RECORDED INFORMATION >>
________________

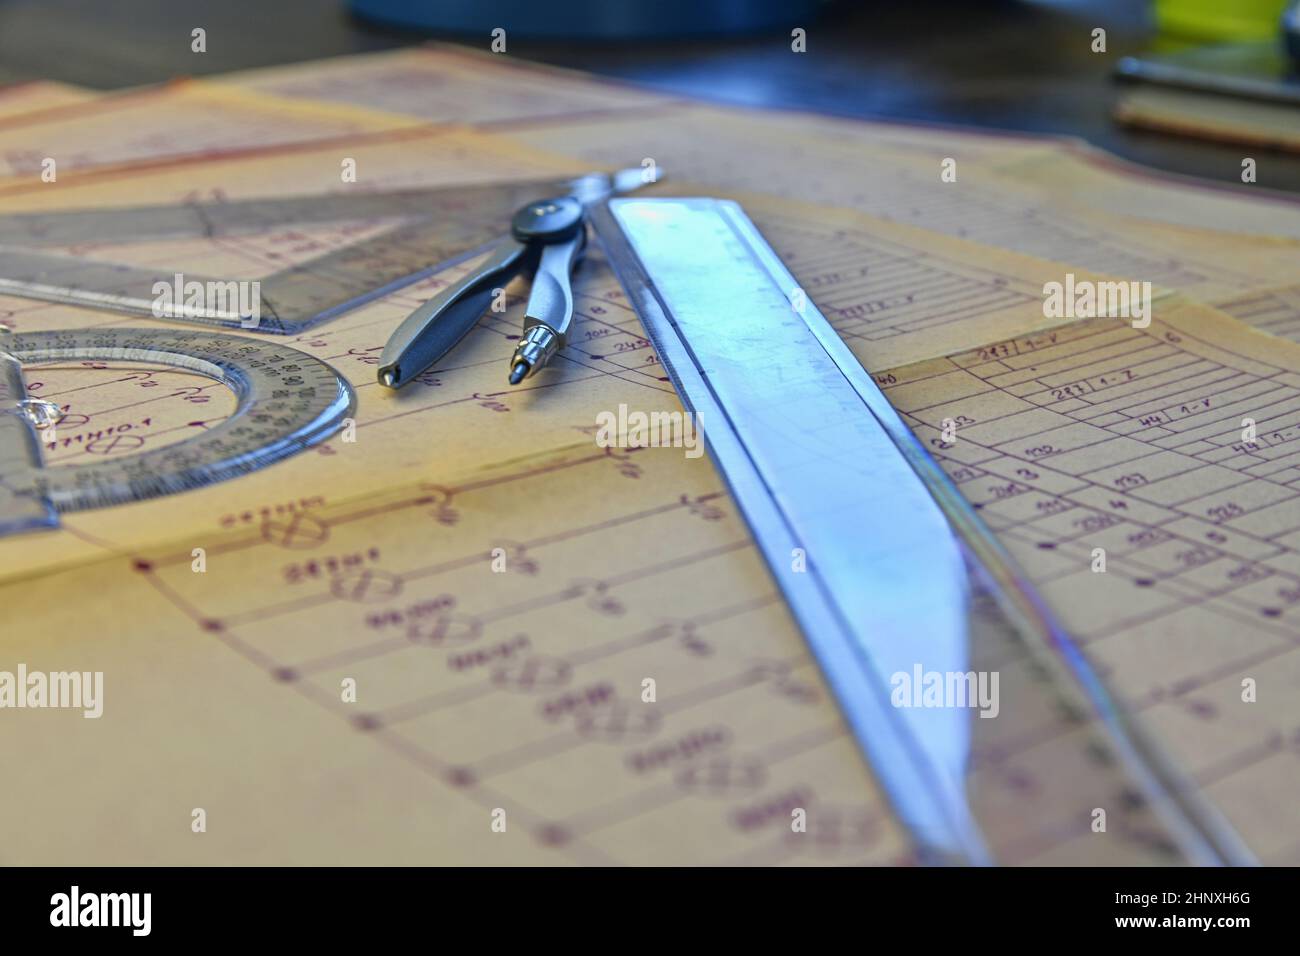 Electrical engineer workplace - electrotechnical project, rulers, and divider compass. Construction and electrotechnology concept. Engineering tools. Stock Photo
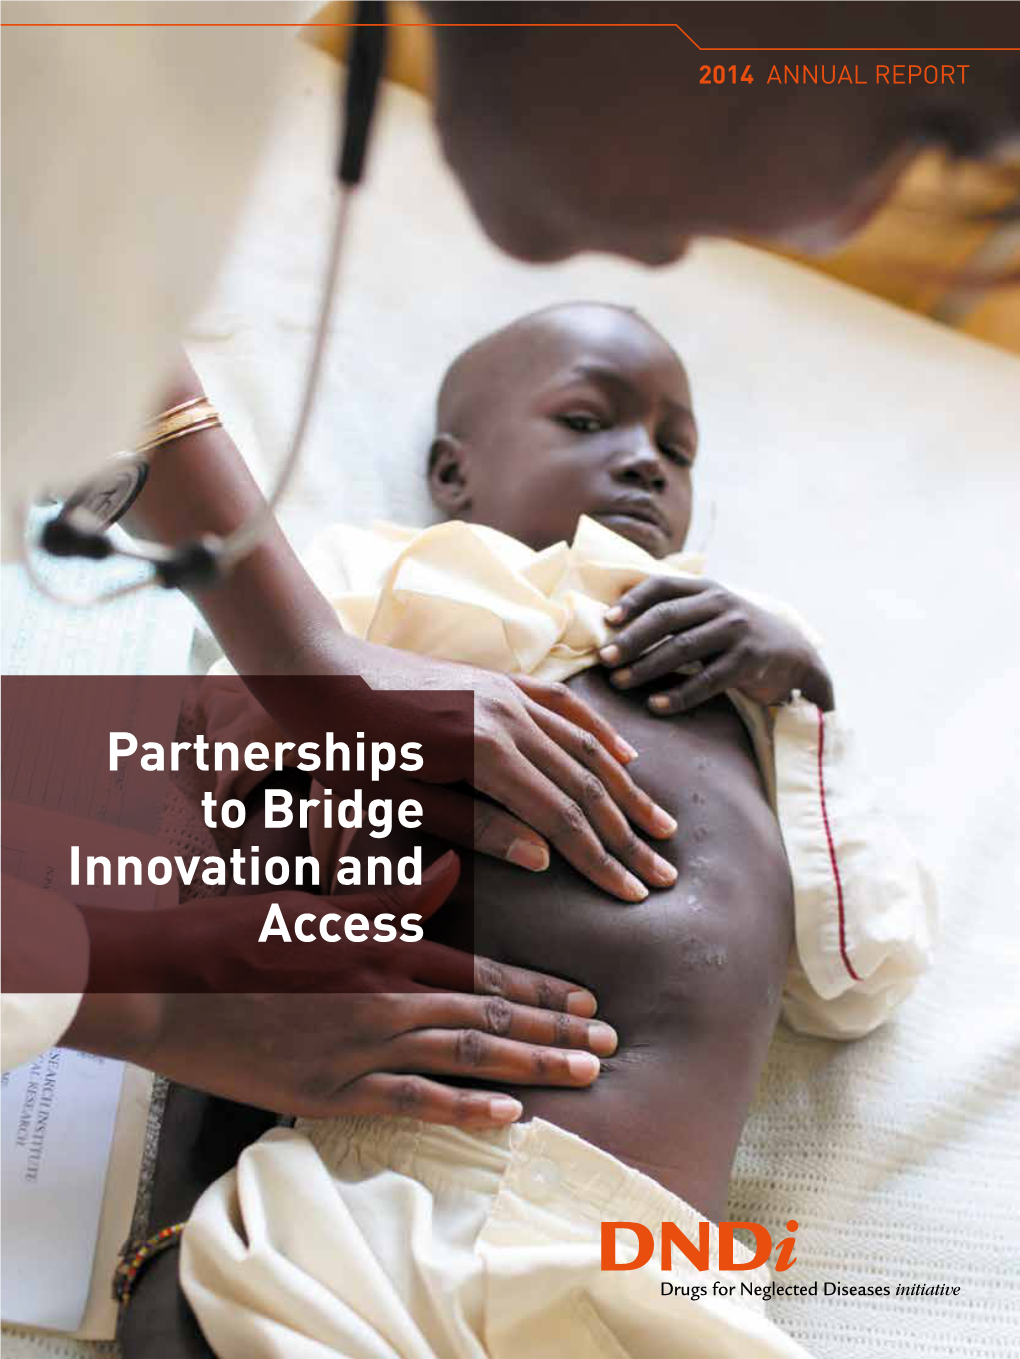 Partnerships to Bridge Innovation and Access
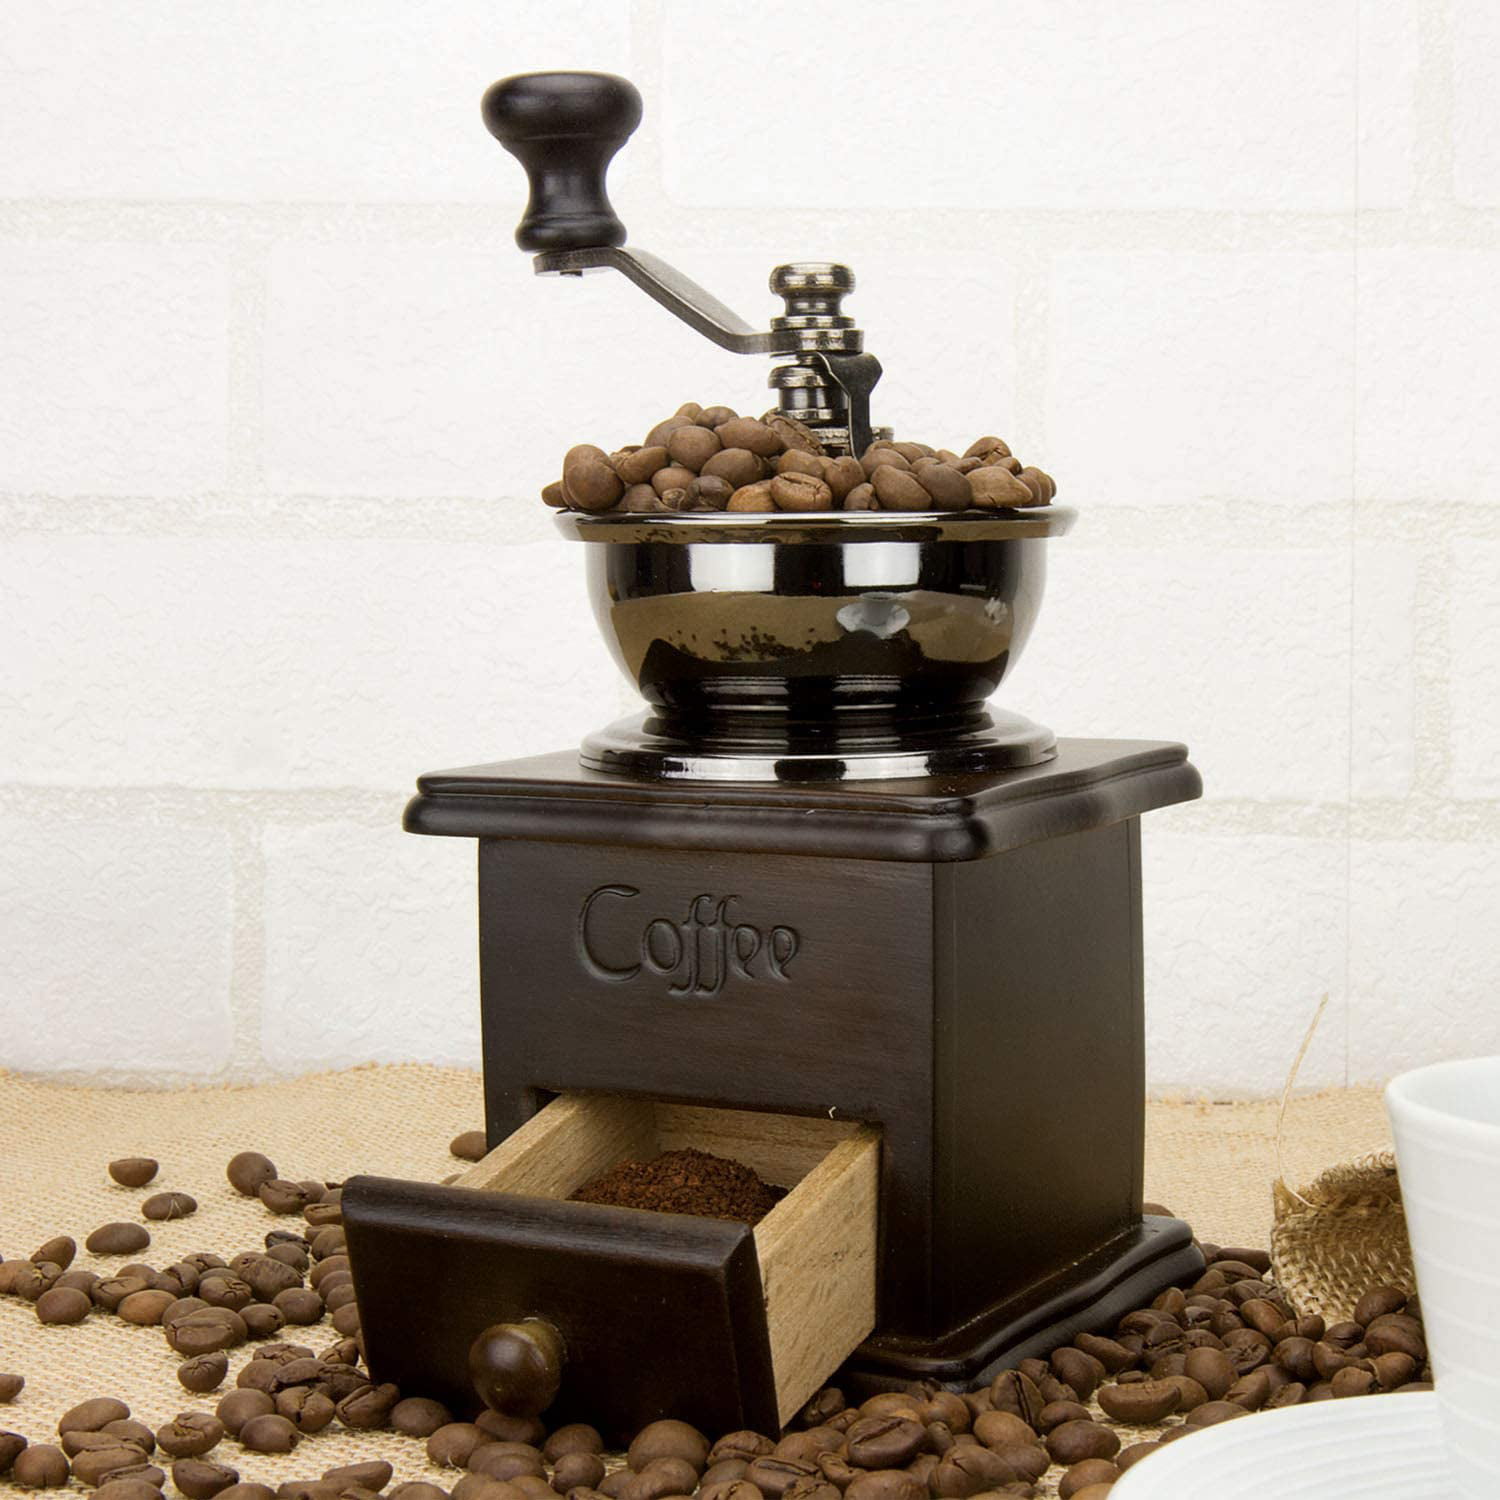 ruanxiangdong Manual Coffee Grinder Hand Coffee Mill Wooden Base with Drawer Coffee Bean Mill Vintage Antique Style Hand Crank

________________

WHAT YOU WILL DO >>
Everything in the material above must be repeated exactly, apart from its pictures.

REPLY >>
 Electrical engineer workplace - electrotechnical project, rulers, and divider compass. Construction and electrotechnology concept. Engineering tools. Stock Photo
 Partnerships to Bridge Innovation and Access
 ruanxiangdong Manual Coffee Grinder Hand Coffee Mill Wooden Base with Drawer Coffee Bean Mill Vintage Antique Style Hand Crank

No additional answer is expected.